The I/O devices 170 may include input devices such as, for example but not limited to, a mouse, keyboard, scanner, microphone, camera, etc. Furthermore, the I/O devices 170 may also include output devices, for example but not limited to a printer, display, etc. Finally, the I/O devices 170 may further include devices that communicate both inputs and outputs, for instance but not limited to, a NIC or modulator/demodulator (for accessing remote devices, other files, devices, systems, or a network), a radio frequency (RF) or other transceiver, a telephonic interface, a bridge, a router, etc. The I/O devices 170 also include components for communicating over various networks, such as the Internet or intranet.

If the computer 100 is a PC, workstation, intelligent device or the like, the software in the memory 120 may further include a basic input output system (BIOS) (omitted for simplicity). The BIOS is a set of essential software routines that initialize and test hardware at startup, start the O/S 150, and support the transfer of data among the hardware devices. The BIOS is stored in some type of read-only-memory, such as ROM, PROM, EPROM, EEPROM or the like, so that the BIOS can be executed when the computer 100 is activated.
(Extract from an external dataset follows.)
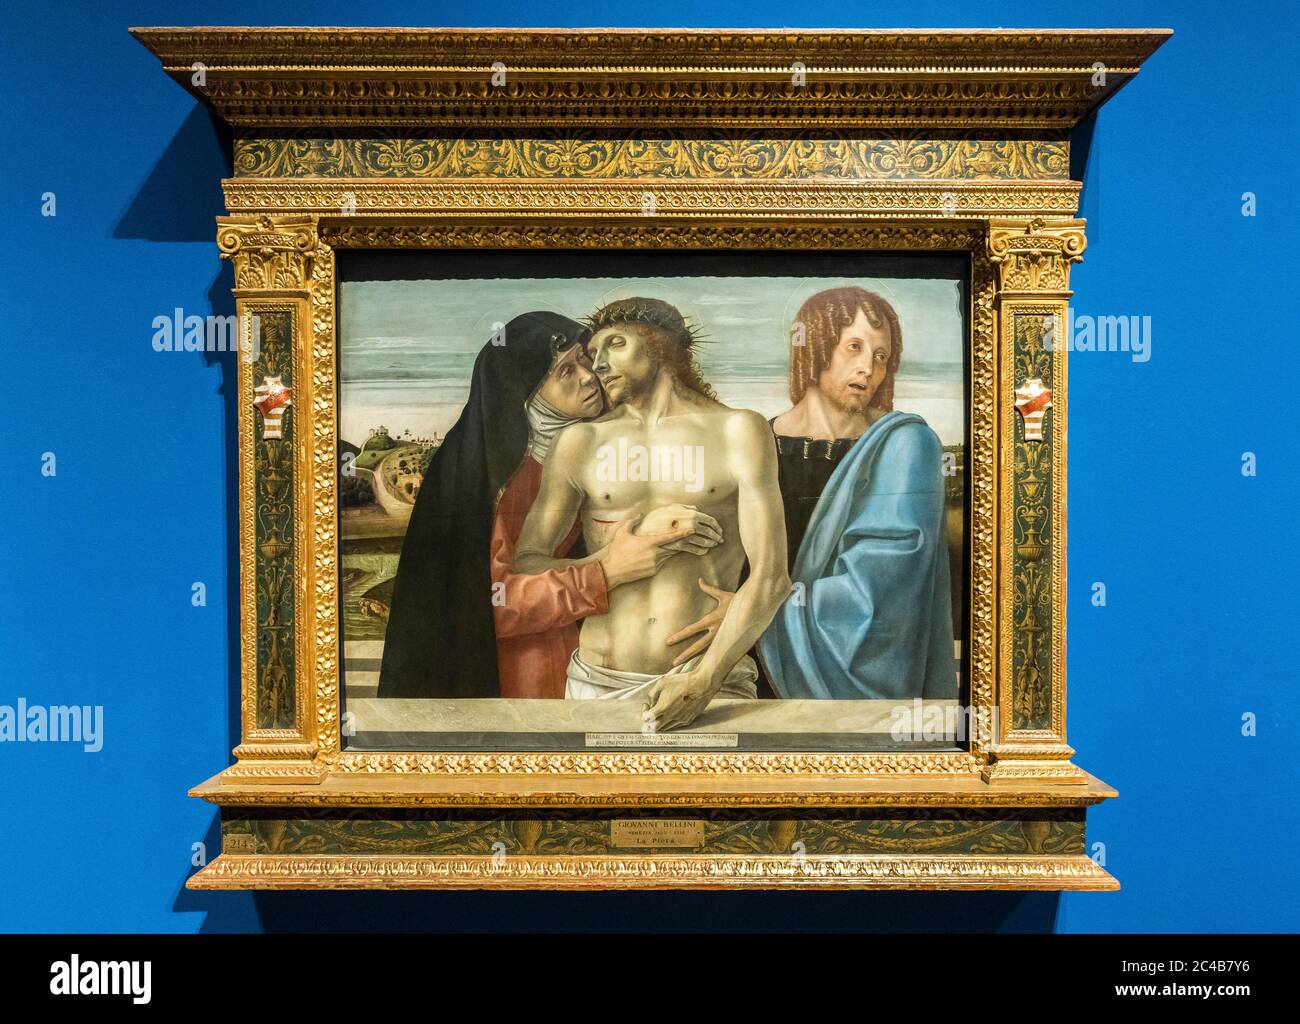 Pieta, Gemälde von Giovanni Bellini, 1430 - 1516, Renaissance, Pinacoteca di Brera, Mailand, Lombardei, Italien Stockfoto

When the computer 100 is in operation, the processor 110 is configured to execute software stored within the memory 120, to communicate data to and from the memory 120, and to generally control operations of the computer 100 pursuant to the software. The application 160 and the O/S 150 are read, in whole or in part, by the processor 110, perhaps buffered within the processor 110, and then executed.

When the application 160 is implemented in software it should be noted that the application 160 can be stored on virtually any computer readable medium for use by or in connection with any computer related system or method. In the context of this document, a computer readable medium may be an electronic, magnetic, optical, or other physical device or means that can contain or store a computer program for use by or in connection with a computer related system or method.

The application 160 can be embodied in any computer-readable medium for use by or in connection with an instruction execution system, apparatus, or device, such as a computer-based system, processor-containing system, or other system that can fetch the instructions from the instruction execution system, apparatus, or device and execute the instructions. In the context of this document, a “computer-readable medium” can be any means that can store, communicate, propagate, or transport the program for use by or in connection with the instruction execution system, apparatus, or device. The computer readable medium can be, for example but not limited to, an electronic, magnetic, optical, electromagnetic, infrared, or semiconductor system, apparatus, device, or propagation medium.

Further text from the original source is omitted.